Bone health varies greatly among patients with facioscapulohumeral muscular dystrophy (FSHD), according to the results of a small group study, and tests for strength and functionality may identify those with higher risks for decreased bone health.
The study “Bone Health in Facioscapulohumeral Muscular Dystrophy: A Cross-Sectional Study” was published in the journal Muscle & Nerve.
Patients with FSHD are burdened with impaired function of muscles in the face, shoulders, upper limbs, lower limbs and in the abdominal and pelvic area. This has a significant impact on patients’ quality of life, as they experience decreasing motor function, chronic fatigue and pain.

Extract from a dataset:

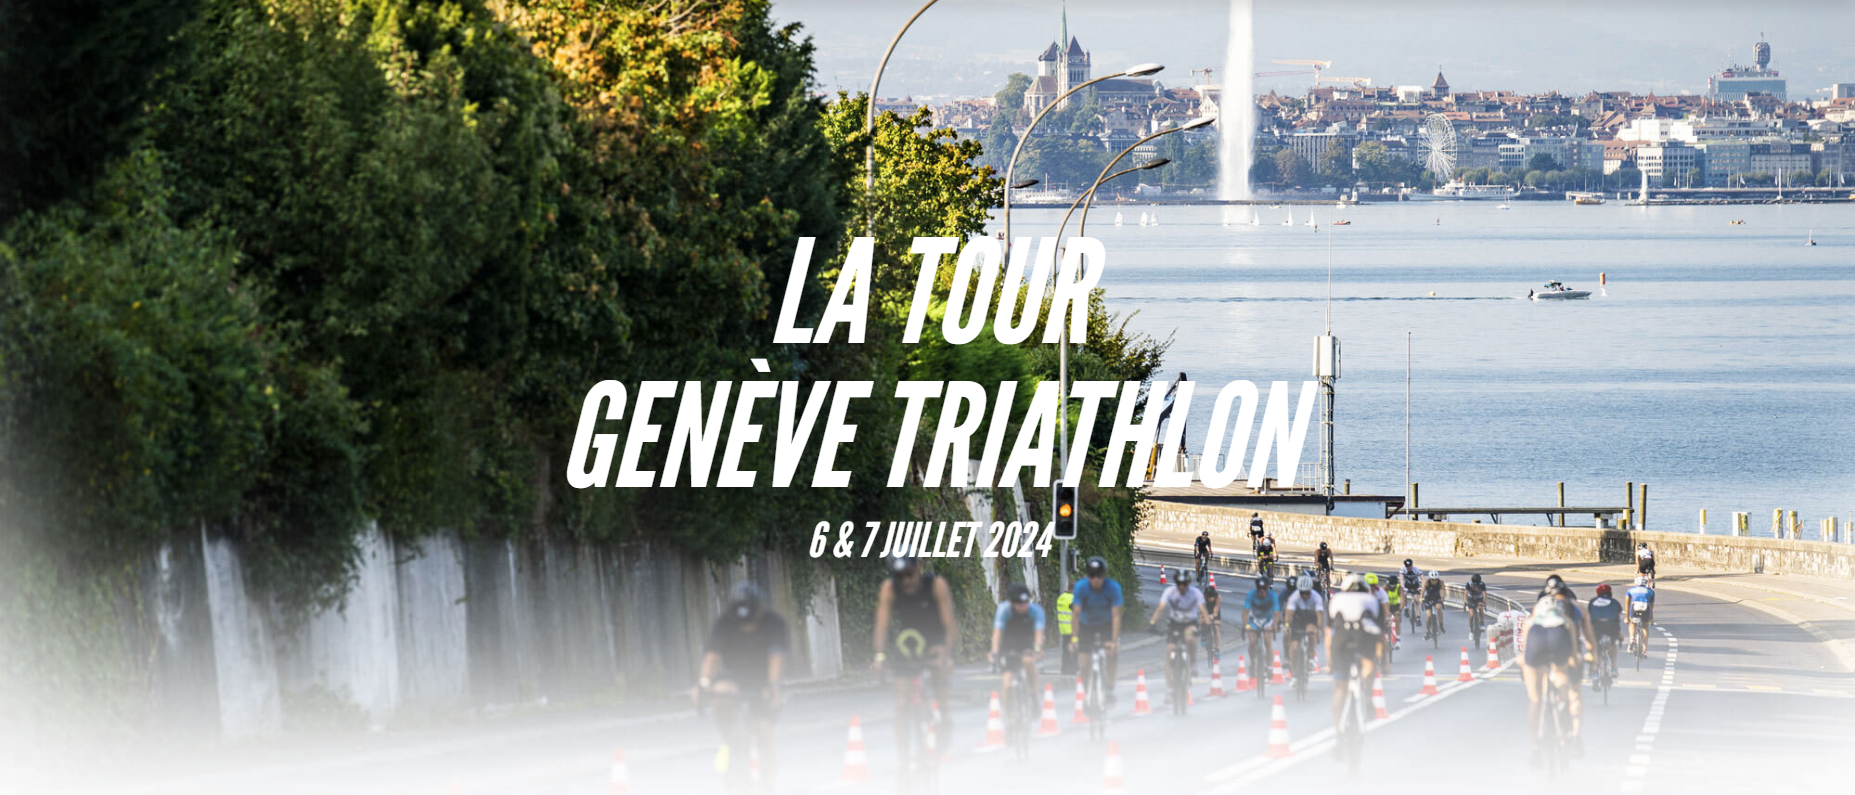 La Tour Genève Triathlon 2023

Besides muscle, bone health also is compromised in muscular dystrophies, with patients exhibiting low bone mineral density (BMD). In FSHD, however, there is a dearth of studies regarding patients’ bone health.
Authors of this study aimed “to comprehensively characterize bone health among individuals with FSHD by exploring indicators, including BMD, bone serum biomarkers, muscle strength assessments, and fracture history.”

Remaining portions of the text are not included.